Stress fibers consist of many proteins including myosin light chain (MLC), the phosphorylation of which promotes actomyosin cross-bridge formation and contraction. MLC phosphorylation is governed by the balance of MLCK and MLC phosphatase with the former enhancing whereas the latter fading the phosphorylation of MLC. The activity of MLCK and MLC phosphatase is tightly controlled by a spectrum of signaling. To this end, the phosphorylation of MLCK by activated PAK1 is known to reduce the activity of MLCK (Sanders et al., 1999; Murthy et al., 2003). PAK is a p21-activiated kinase, which is reported to be inhibited by G-protein βγ subunits in mammals (Wang et al., 1999). G protein, as a second messenger, consists of α, β, and γ subunits (Asano et al., 1998) and transmits signals from an agonist-stimulate receptor to various downstream effectors (Neer, 1995). The present study revealed that hypoxia caused an increase in Gng12, γ subunit of G-proteins, a decrease in p-PAK, and a decrease in p-MLCK, consistent with the well-recognized reaction cascade that mediates the activity of MLCK. The decrease in p-MLCK and the resultant increase in the activity of MLCK contribute partly to the increase in p-MLC observed in vivo and in vitro. On the other hand, MLC phosphatase is a trimeric complex including a 110–133 kDa myosin-targeting subunit 1 (Mypt1). The evidence available shows that the activity of MLC phosphatase is negatively regulated by Mypt1 phosphorylation (Kiss et al., 2019). RhoA/Rock is known to increase the phosphorylation of MLC directly following RhoA activation (Pan et al., 2021), and is also reported to mediate Mypt1 phosphorylation (Kimura et al., 1996). In the present study, exhausted exercise and hypoxia did not increase the expression of RhoA and Rock, but increased RhoA activity. In addition, the expression of Mypt1 was elevated after both exhausted exercise and hypoxia, which is likely to boost the downregulation of MLC phosphatase, albeit the transcriptional level of Mypt1 did not change. Given the reported role of Siah2, an E3-ligase in the proteasomal degradation of Mypt1 in mammalian cells (Twomey et al., 2010), we examined the expression of Siah2 in vitro, revealing a decrease in the expression of Siah2 after hypoxia, which explained why the expression of Mypt1 increased in this circumstance, implying the involvement of the proteasome in the downregulation of MLC phosphatase and increase in MLC phosphorylation.

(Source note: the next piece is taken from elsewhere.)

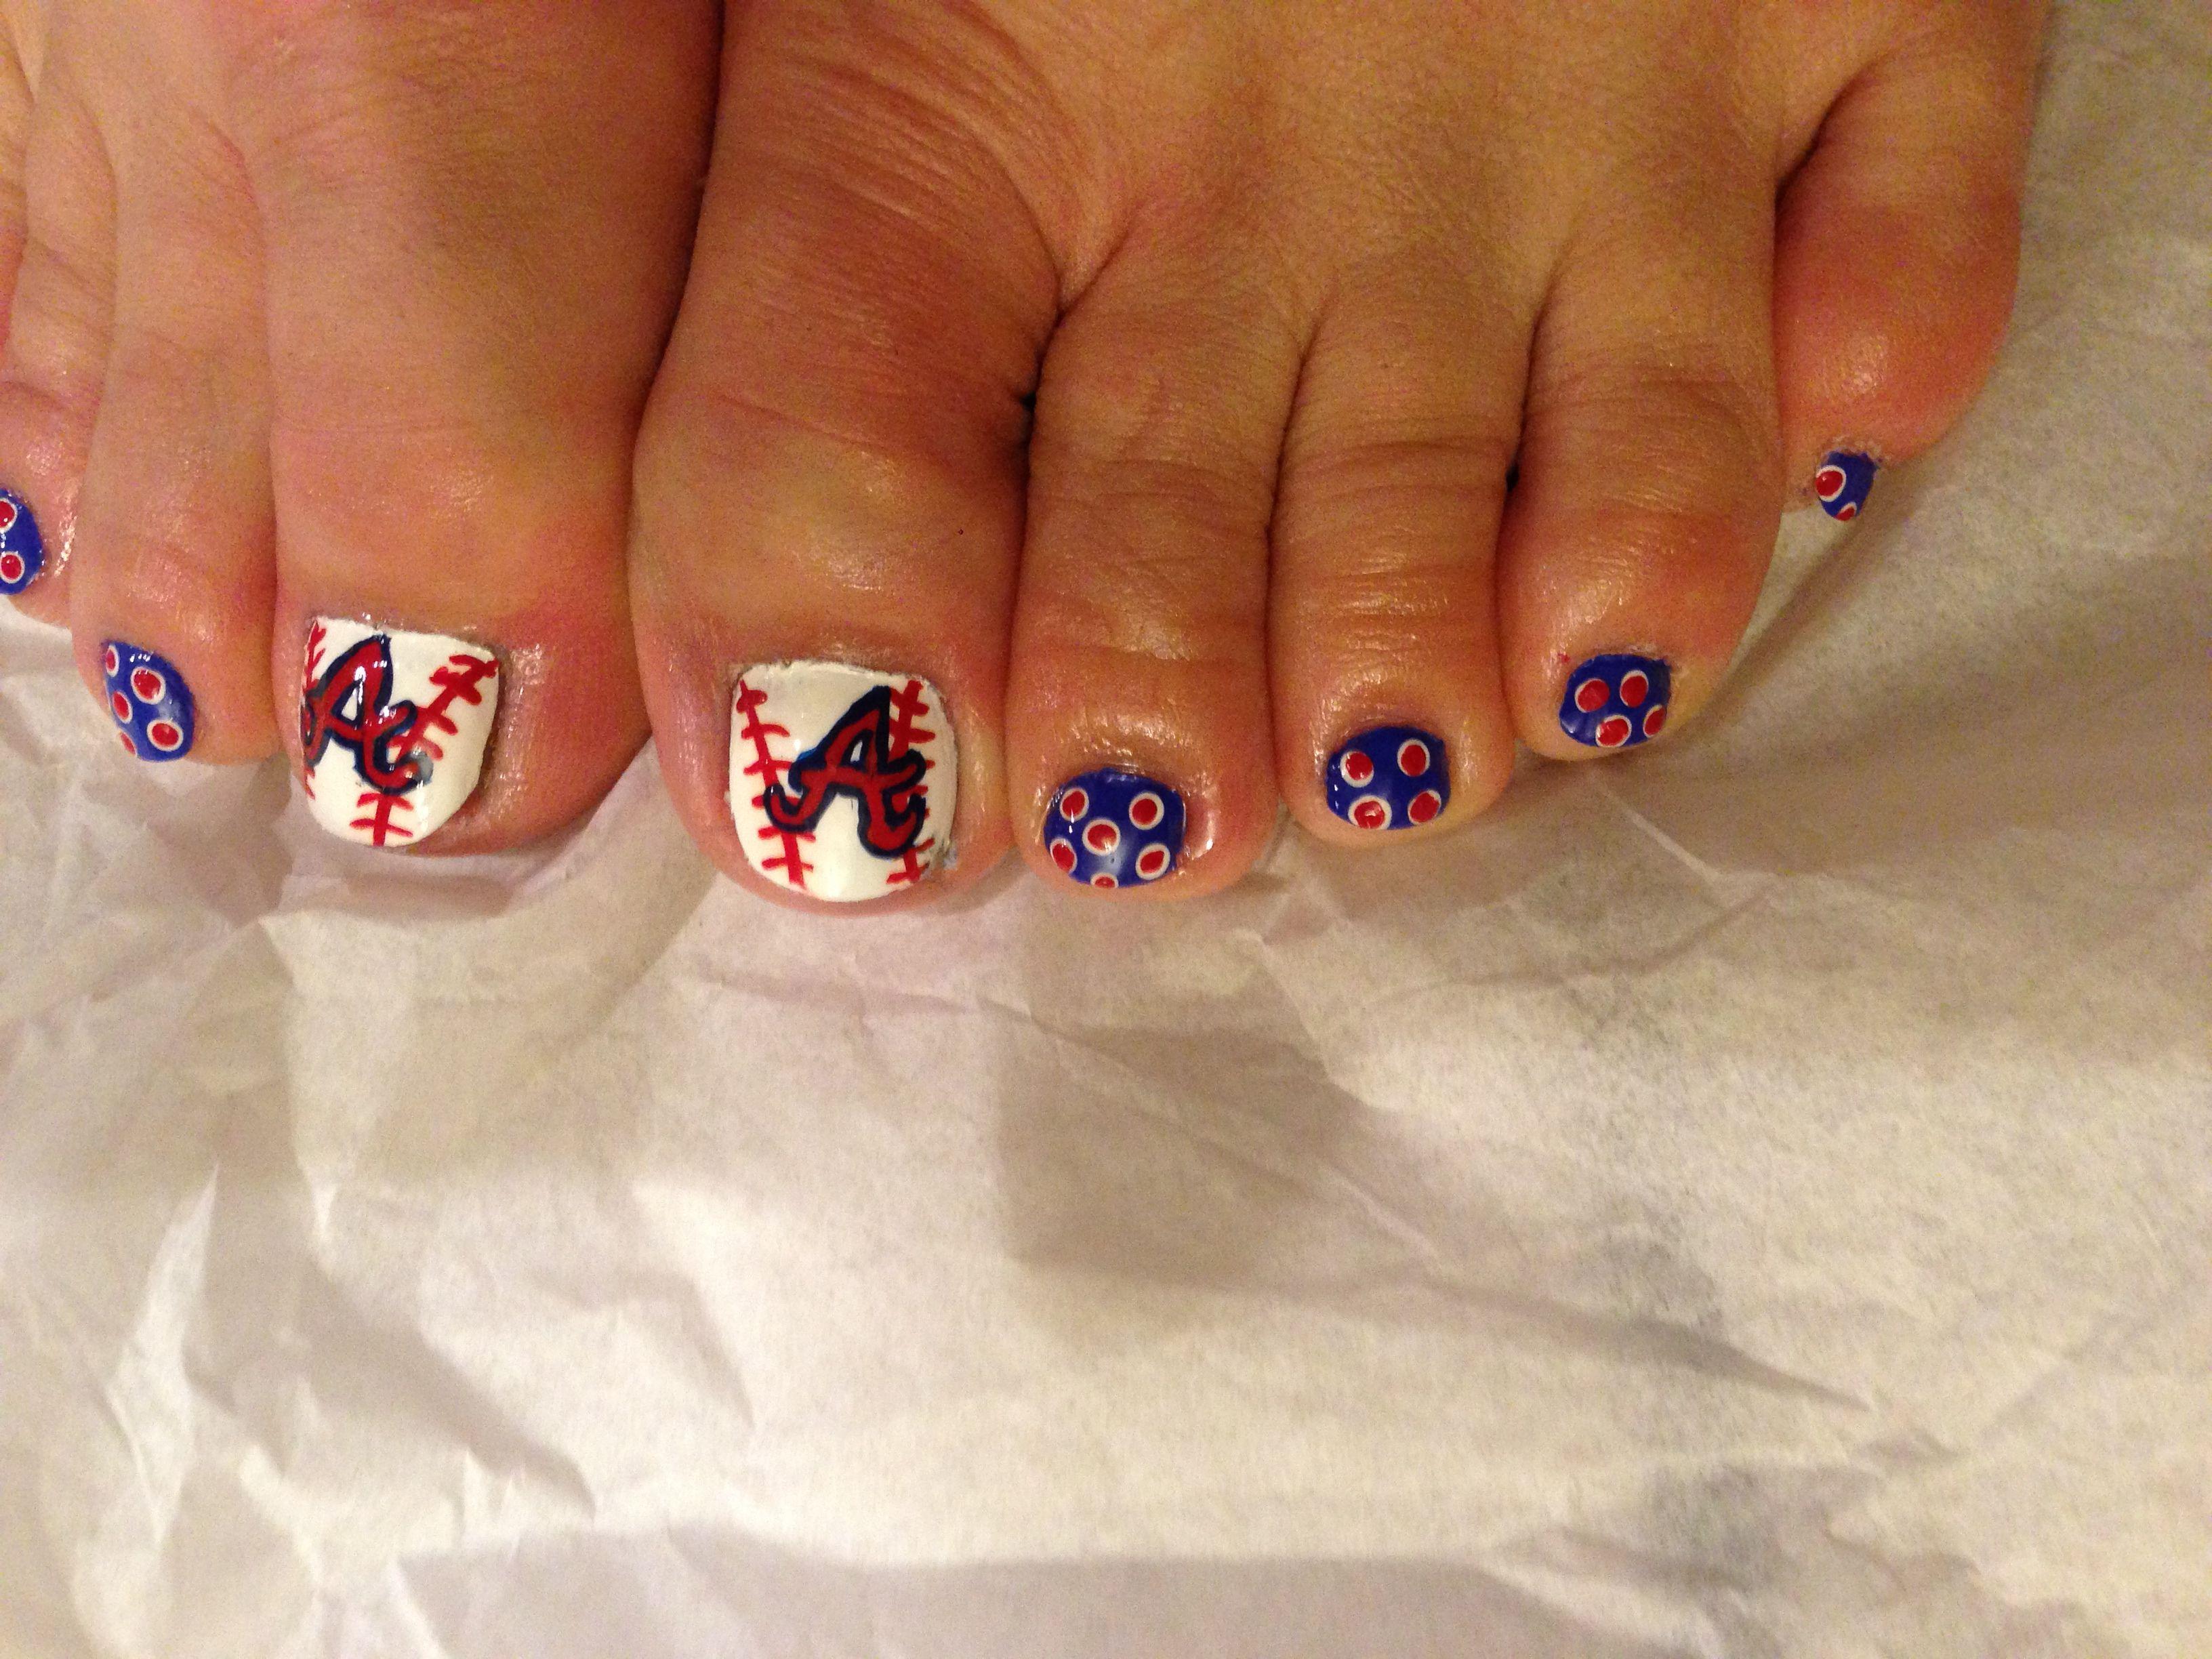 toe nail art. atlanta brave's baseball

The results from the present study indicate that exhausted exercise/hypoxia-caused stress fiber formation is a scenario implicating a range of signaling, such as Gng12/PAK, RhoA/ROCK, and proteasome. Importantly, YPF restored all the impairments after exhausted exercise or hypoxia, proving the multi-targeting potential of YPF. Nevertheless, the detailed mechanism of the YPF effect requires further clarification and much more work is needed to identify the components in YPF responsible for the effects observed.

Conclusion

The result of the present study provides evidence of the ability of YPF to tackle alveolar-capillary barrier injury, and the mechanism behind the beneficial role of YPF implicates the prevention of stress fiber formation in vascular endothelial cells and epithelial cells. This result offers a novel insight for a better understanding of the role of YPF in the fight against respiratory diseases, and highlights YPF as management for patients subjected to exhausted-exercise challenges or at risk of alveolar-capillary barrier injury.